• What this task involves: Once you find the line in the listing below that contains "06th May, Monday | 7 PM", copy it and every following line exactly, stopping at the end.

[Data shown Boundary: Start]

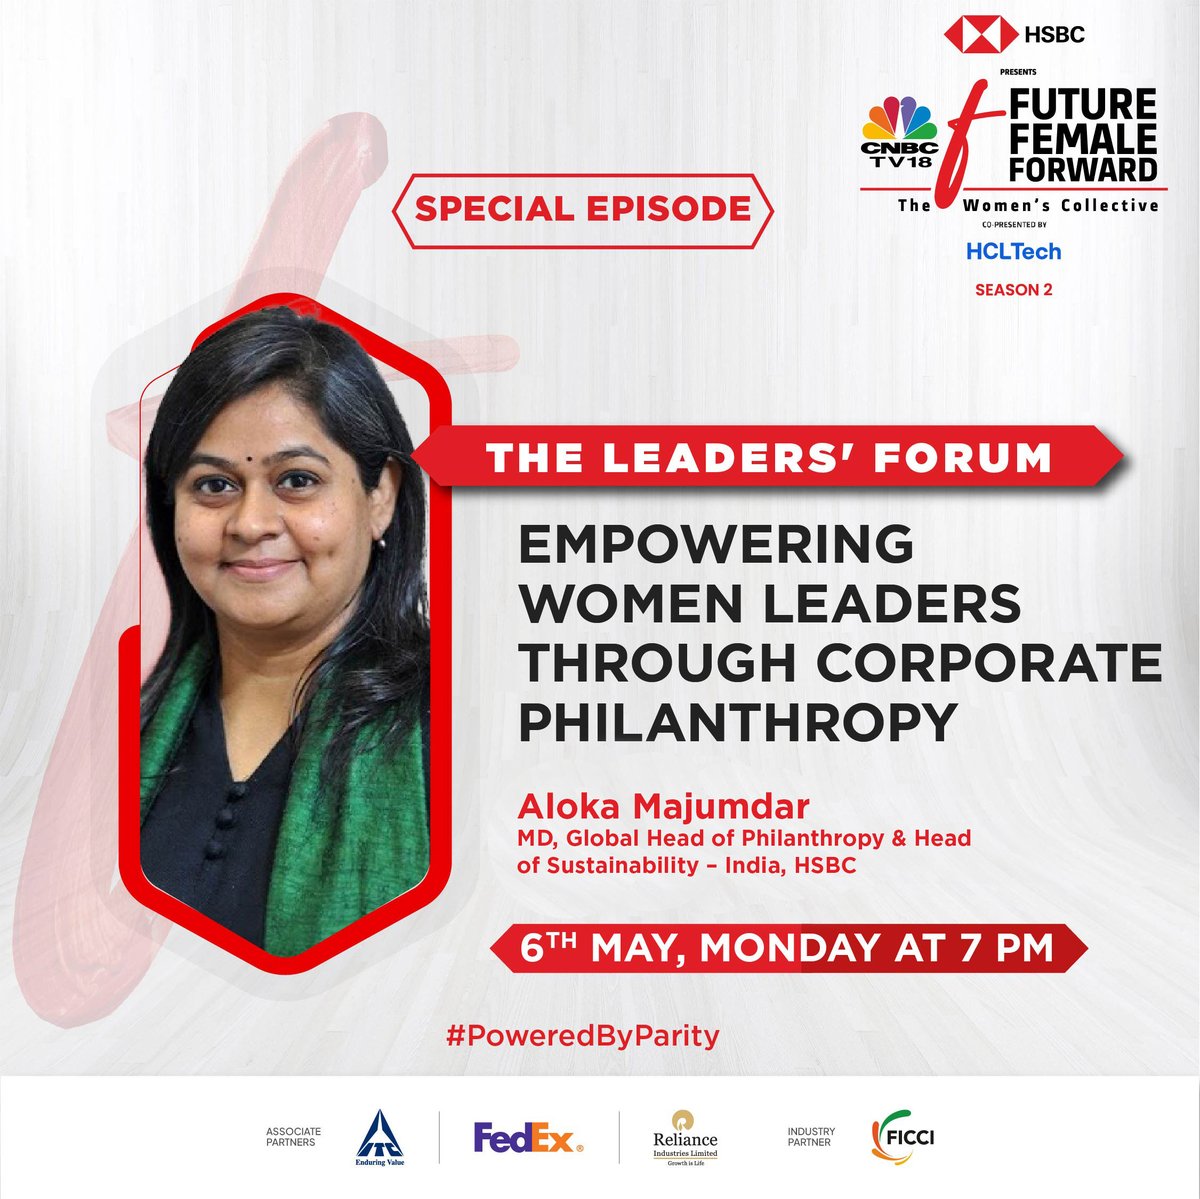 Join us on CNBC-TV18's Future. Female. Forward for an exclusive discussion with HSBC Trailblazers on gender parity & beyond. Save the date!  

06th May, Monday | 7 PM  

@HSBC_IN @hcltech @ITCCorpCom @FedExIndia @ficci_india
#FutureFemaleForward #Season2 #FutureisHERs

[Data shown Boundary: End]

• Exercise response:
06th May, Monday | 7 PM  

@HSBC_IN @hcltech @ITCCorpCom @FedExIndia @ficci_india
#FutureFemaleForward #Season2 #FutureisHERs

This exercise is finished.